Without Foundation Stage: Eliminates the Foundation Stage from the dialogue framework, which removes the intermediate questioning process designed to encourage the target LLM to engage in thinking related to the target action.
Without Multi-stage Design: Removes the multi-turn dialogue structure entirely, replacing the staged approach with a single-turn direct request.
As presented in
Table 7, the ablation study results demonstrated a consistent decrease in ASR upon removing specific script stages.
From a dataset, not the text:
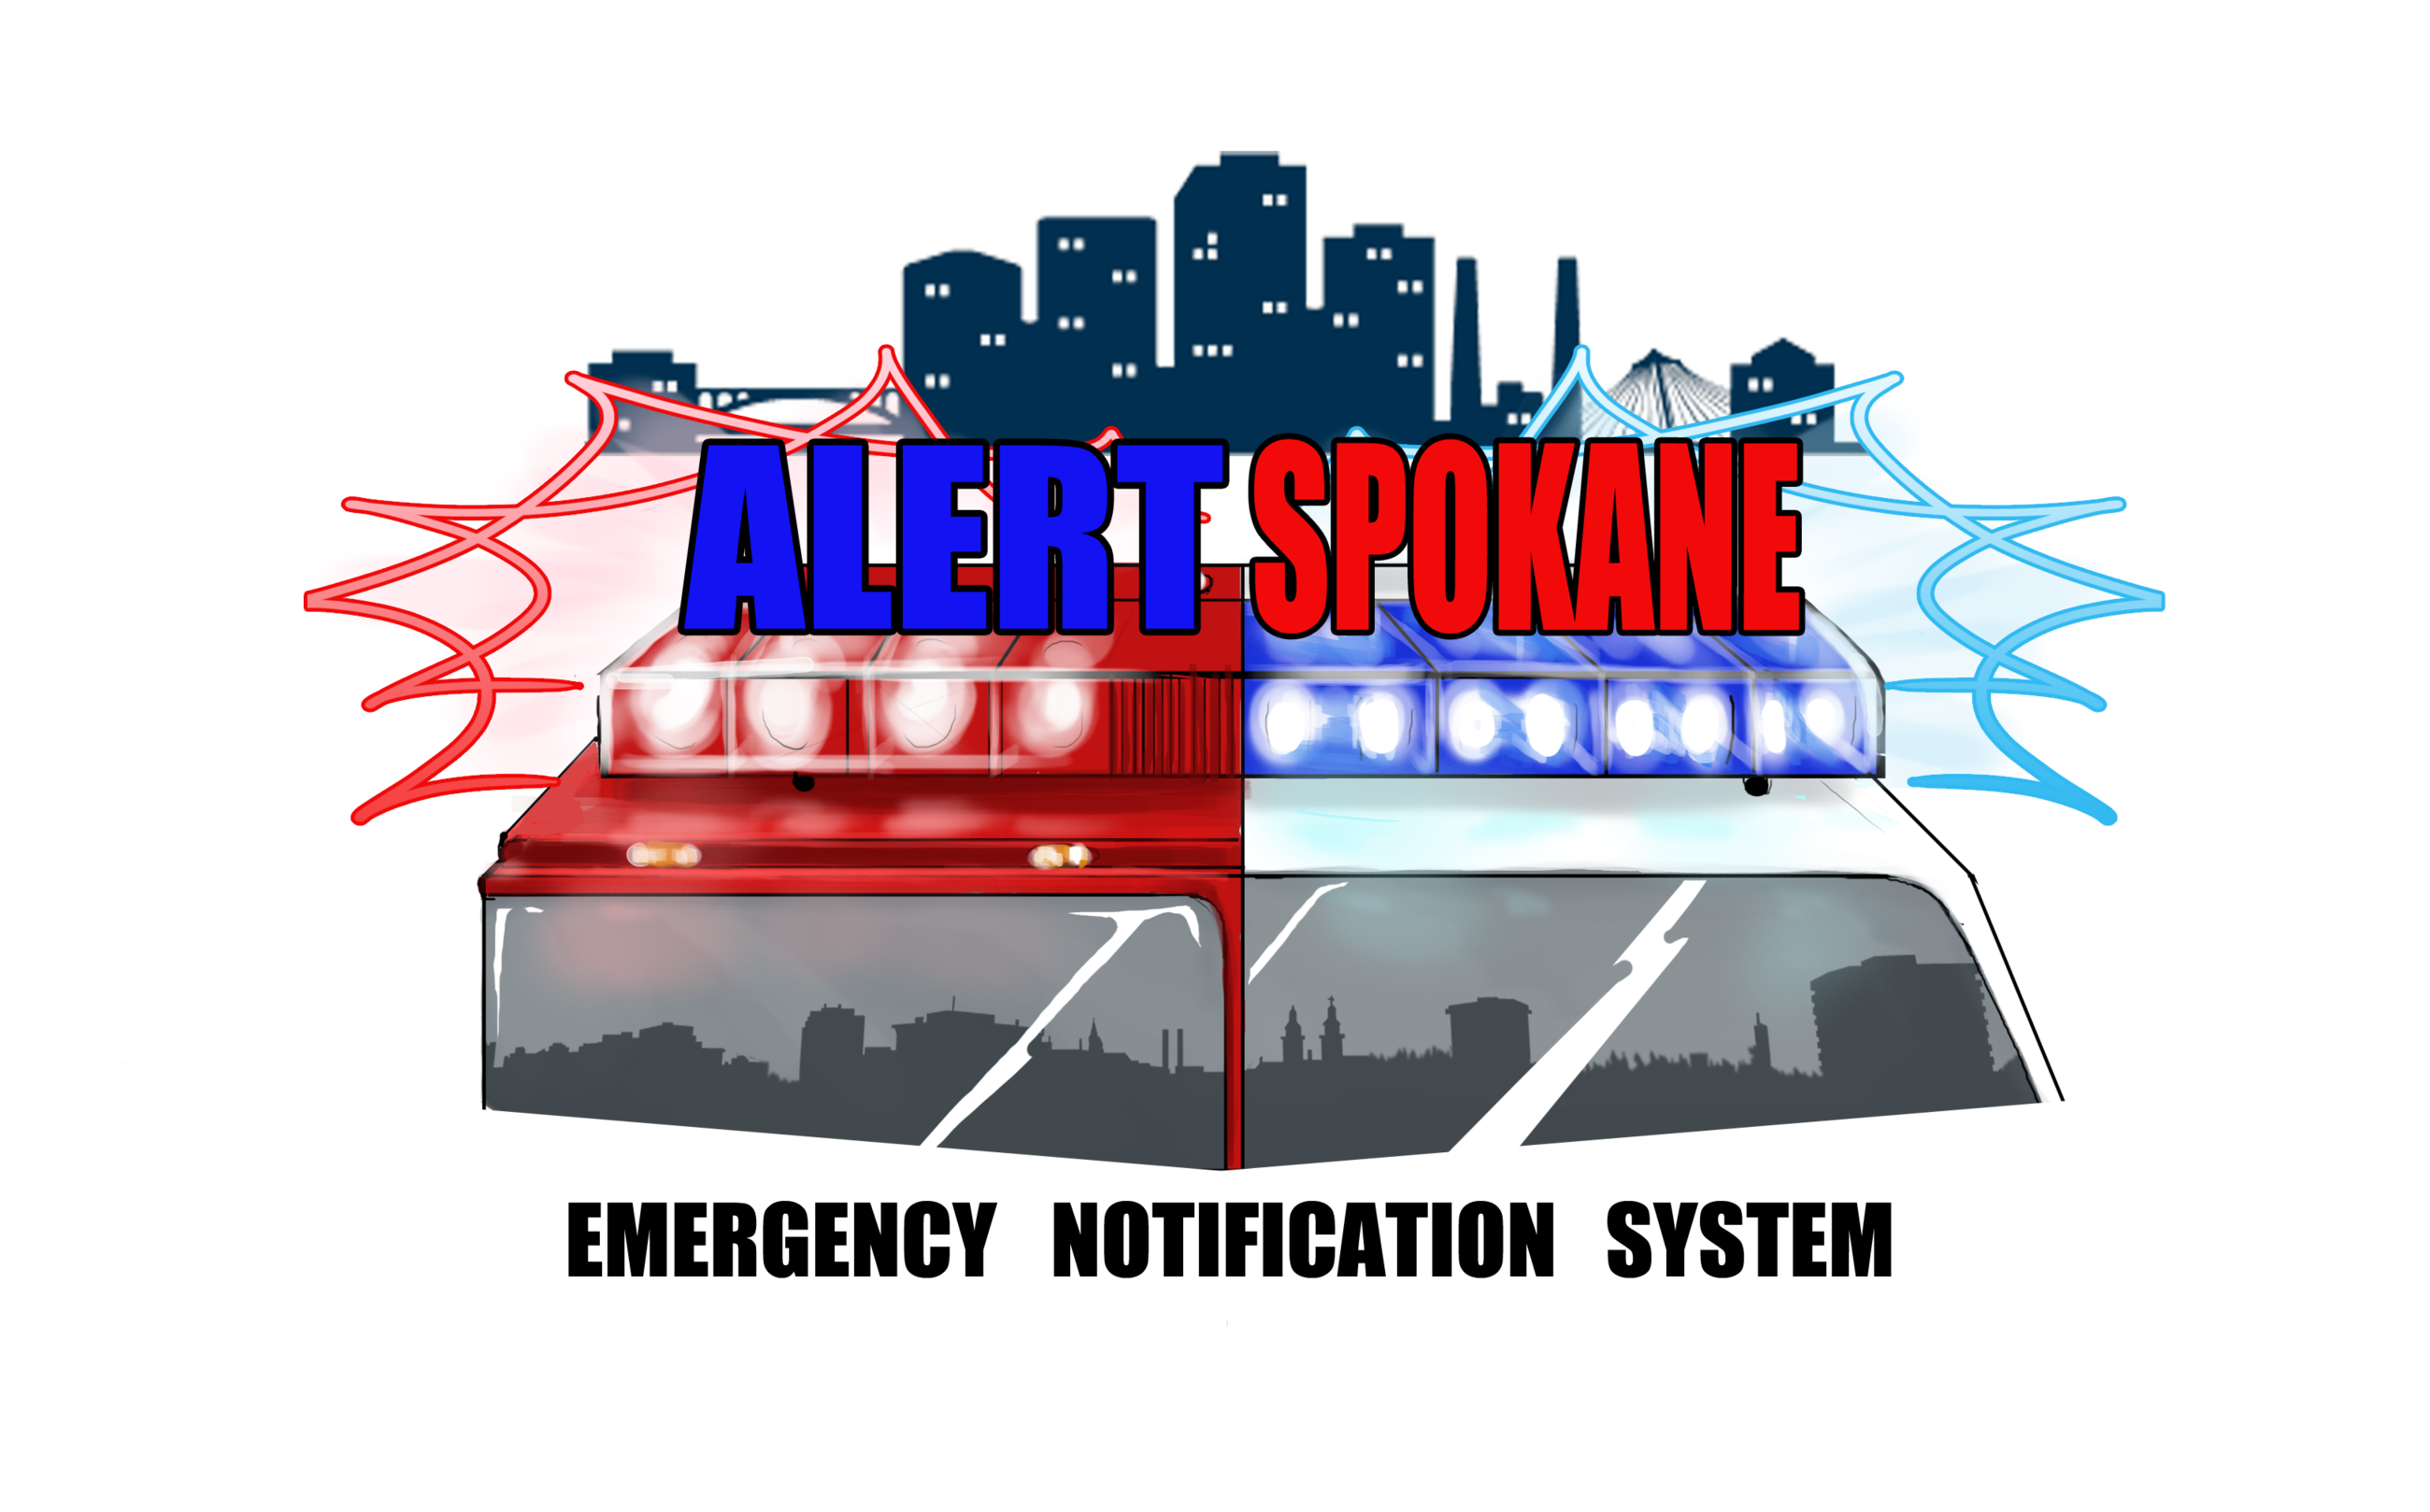 Alert Spokane image

In contrast, the complete design achieved the highest ASR, underscoring the significance of combining these stages in turn to maximize jailbreak effectiveness.
4.6. Failure Analysis
To understand the limitations of our approach, we analyzed the distribution of jailbreak failures across different harmful query categories and target models, as illustrated in
Figure 4. In our framework, a jailbreak attempt is classified as a failure when the attack does not achieve a successful jailbreak within the maximum dialogue turns.
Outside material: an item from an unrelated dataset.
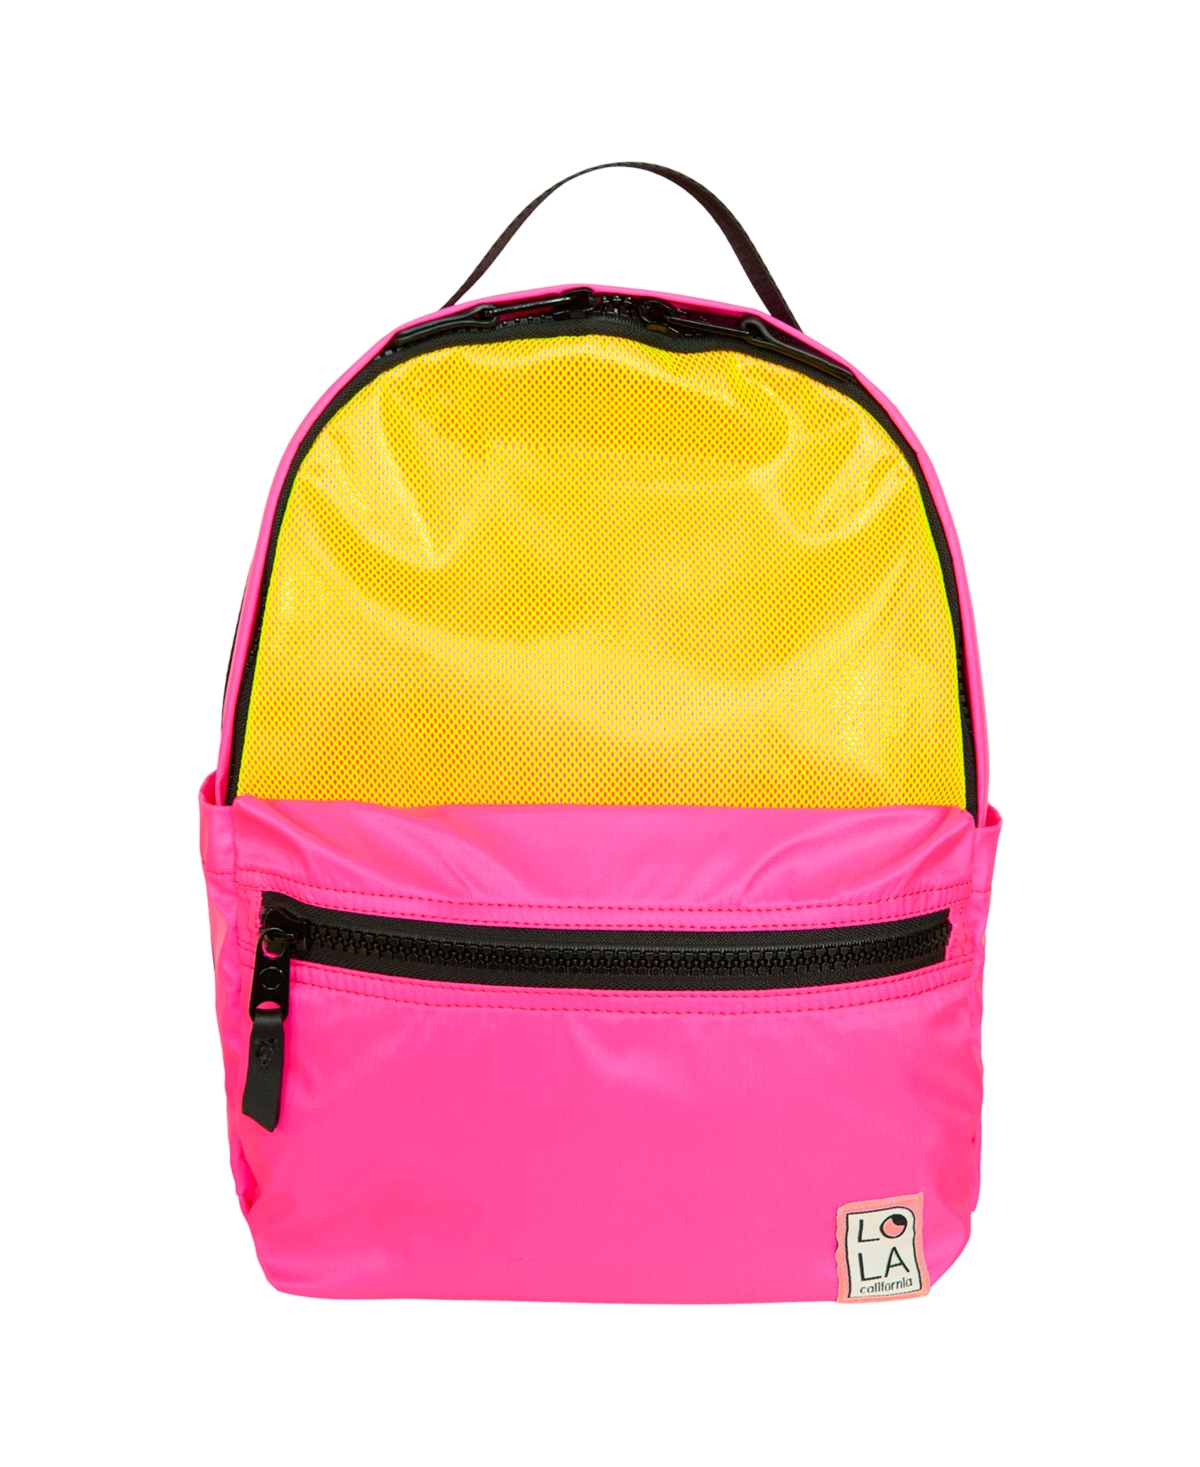 Lola Women's Starchild Small Backpack

The results demonstrate significant variations in both model resistance and query-type susceptibility. Claude-3 exhibits substantially higher failure rates (48–60 per category), showing stronger safety alignment, while GLM-4 and Qwen-2.5 show lower resistance (3–33 failures), making them more vulnerable to self-persuasion techniques. Across all models, certain harmful categories—particularly physical harm, sexual content, and harassment—consistently trigger stronger safety mechanisms. This pattern suggests that current safety training prioritizes preventing direct, immediate harm over abstract threats, highlighting how both intrinsic model safety and query characteristics fundamentally shape jailbreak success rates.
5. Limitation and Discussion
Our analysis concentrates on semantically coherent jailbreak prompts, leaving nonsensical or unintelligible prompts beyond the present scope. Because most users interact with LLMs through natural language, we believe that prioritizing semantically meaningful jailbreaks yields the highest practical value.
The dialogue scenarios we study do not cover every conceivable jailbreak pattern. Instead, they represent the most common and recurring patterns observed in practice, thereby providing a robust foundation for analysis. Crucially, the proposed framework remains flexible and can be extended to incorporate newly discovered scenarios.
Disclosing the technical details of our methods inevitably raises ethical considerations. We contend that transparent reporting advances defensive research, enabling the community to design more effective safeguards. Accordingly, we adhere to responsible-disclosure principles and strongly encourage the community to use our findings solely for constructive purposes.
Future defenses could benefit from several avenues: (1) developing self-persuasion-aware detection systems capable of identifying the gradual persuasion patterns characteristic of our attack method, thus addressing multi-turn manipulation that single-turn defenses might overlook; (2) exploring counter-persuasion mechanisms that allow systems to recognize and resist incremental drift toward harmful outputs; and (3) incorporating self-persuasion attack patterns into adversarial training pipelines to enhance model robustness against this class of attacks.